Electrical Brain Stimulation to Treat Drug Resistant Epilepsy in Children
The findings of a small study, led by researchers at King’s College London, suggest that electrical stimulation of the brain may be a safe and effective treatment for children with drug-resistant epilepsy, although further research is required. The work is published in the European Journal of Paediatric Neurology.
Limited information exists about the effects of brain stimulation in children and, according to the authors, “Given the significant long-term effects of chronic childhood epilepsy on educational attainment, employment, marital status, and psychological health into adulthood, this study may offer the potential to significantly improve the long-term quality of life of children with refractory [or drug-resistant] epilepsy.”
The study involved eight children with drug-resistant epilepsy who were already undergoing detailed investigation of their condition.Three of the children received deep brain stimulation (DBS) whilst the other five received a newer treatment called subacute cortical stimulation (SCS).
DBS is used to treat a number of neurological conditions and requires electrodes to be implanted within the brain. The device is then programmed to emit electrical pulses either continuously or at certain intervals. SCS is slightly less invasive and involves a relatively short period of stimulation (20-161 hours in this case) to the brain surface, following a 24 hour ‘baseline’ video EEG recording. SCS can be used both to treat epilepsy and to identify areas in which seizures originate. These regions can then be targeted either surgically or with continuous electrical stimulation.
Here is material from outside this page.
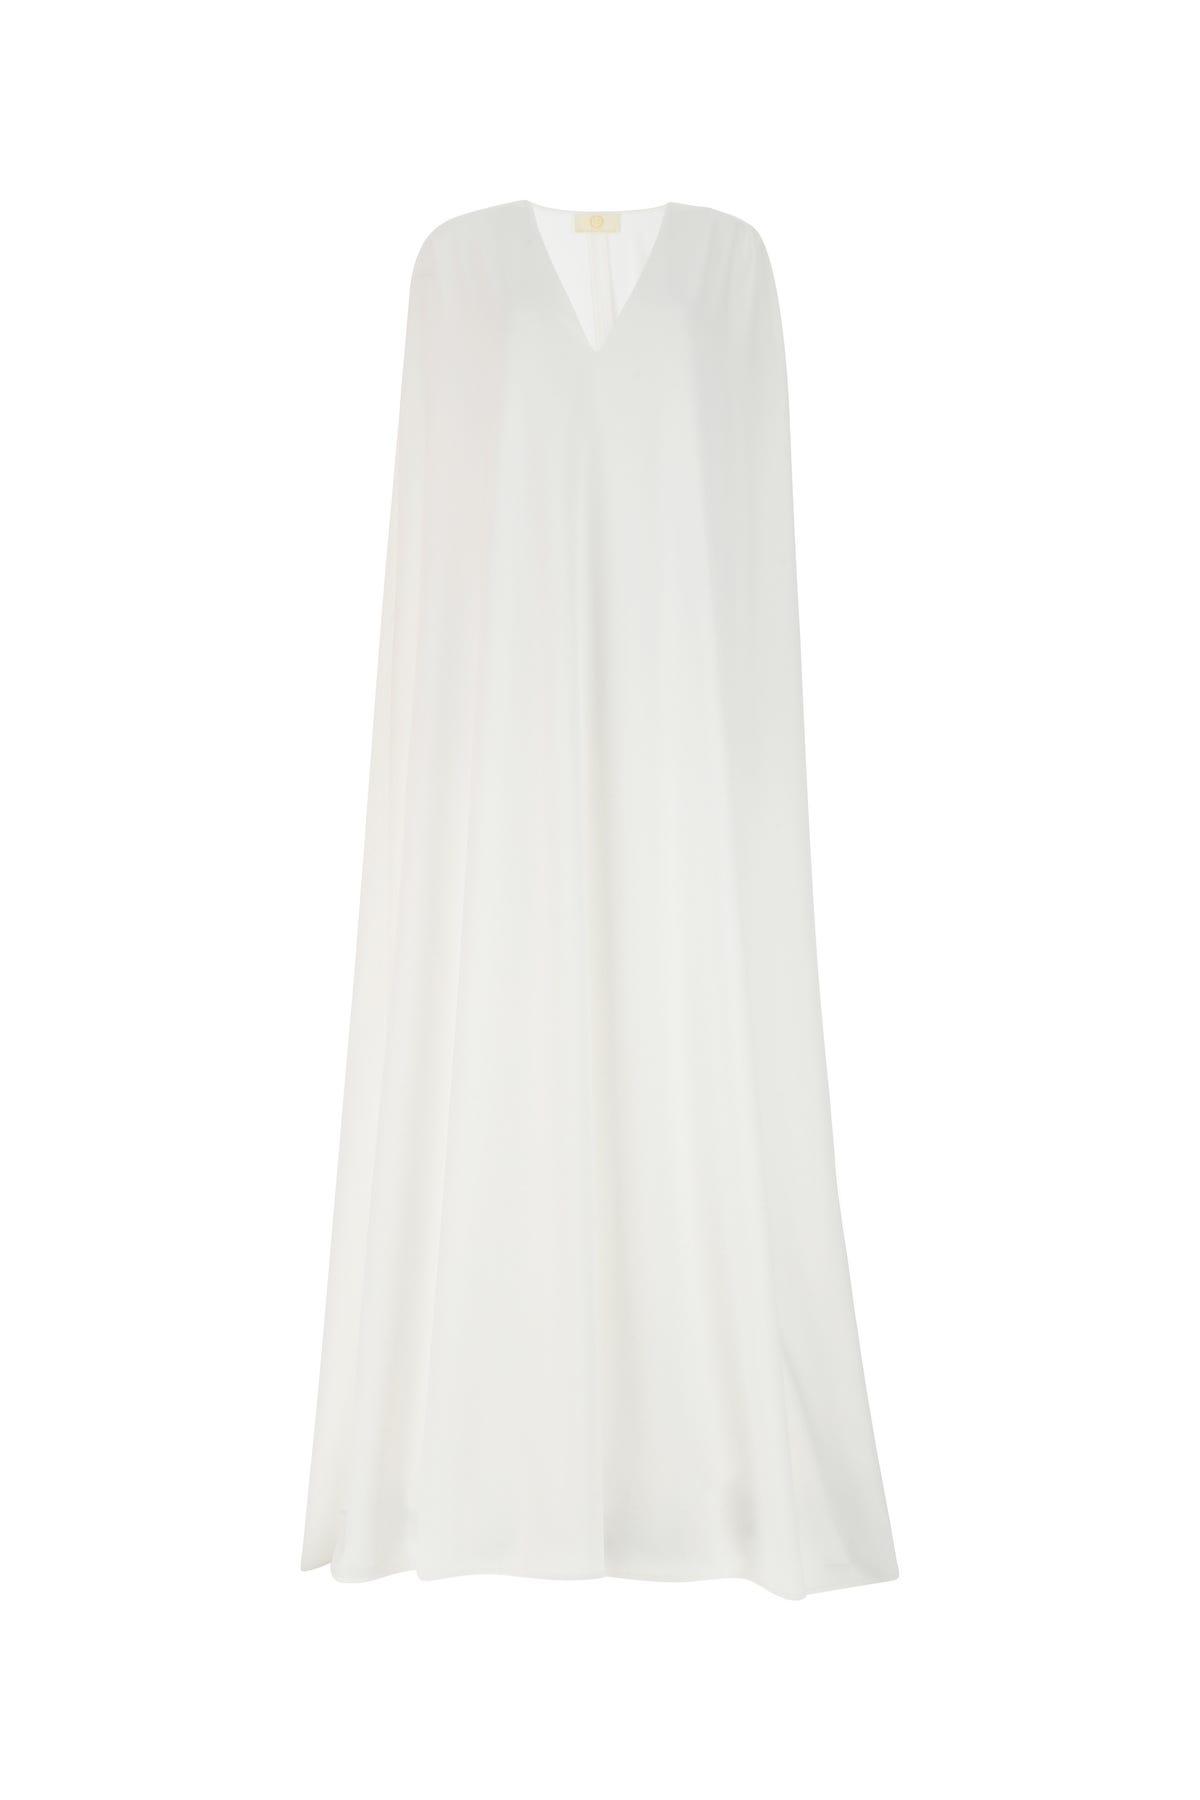 Sara Battaglia White Stretch Polyester Dress  White  Donna 42

The effectiveness of DBS in reducing seizures was assessed by comparing the frequency of the children’s seizures before treatment and after a 6-36 month follow-up period. SCS was evaluated by counting the number of seizures and interictal discharges (characteristic brain activity that occurs between epileptic seizures) before (baseline), during and after treatment.
Amongst the children who received DBS, two showed more than a 60% improvement in their seizure frequency and severity. One, in fact, had more than a 90% reduction in seizures, but the stimulation parameters had to be changed during follow-up. The third child did not show any improvement with DBS.
In the SCS group, four showed more than a 50% improvement in seizure frequency and a greater than 75% decrease in interictal (between seizure) activity. Two of these four in fact became seizure free (one after removal of their electrodes and the other after an area stimulated with SCS had been surgically removed). One child did not show any improvement with SCS.
Electrical stimulation was well-tolerated by the children, although one who received DBS experienced a worsening of seizures and another a worsening of behaviour.
These results suggest that electrical brain stimulation may be effective in children with drug-resistant epilepsy, although this was only a small study and larger ones are required. The authors emphasise that care should be taken to adapt brain stimulation to the developing brain of children, and highlight the need for further research to find the most suitable and least disruptive stimulation parameters.
An interview with one of the patients who underwent the procedure and is now seizure free was published in the Daily Express.
Note: The data from this study was analysed and published as part of an ERUK-funded project led by Dr Antonio Valentin, which focuses on SCS as a treatment for people with epilepsy. You can read more about the project here.
Authors: Dr Özge Özkaya and Delphine van der Pauw
Click here for more articles about other treatments for epilepsy.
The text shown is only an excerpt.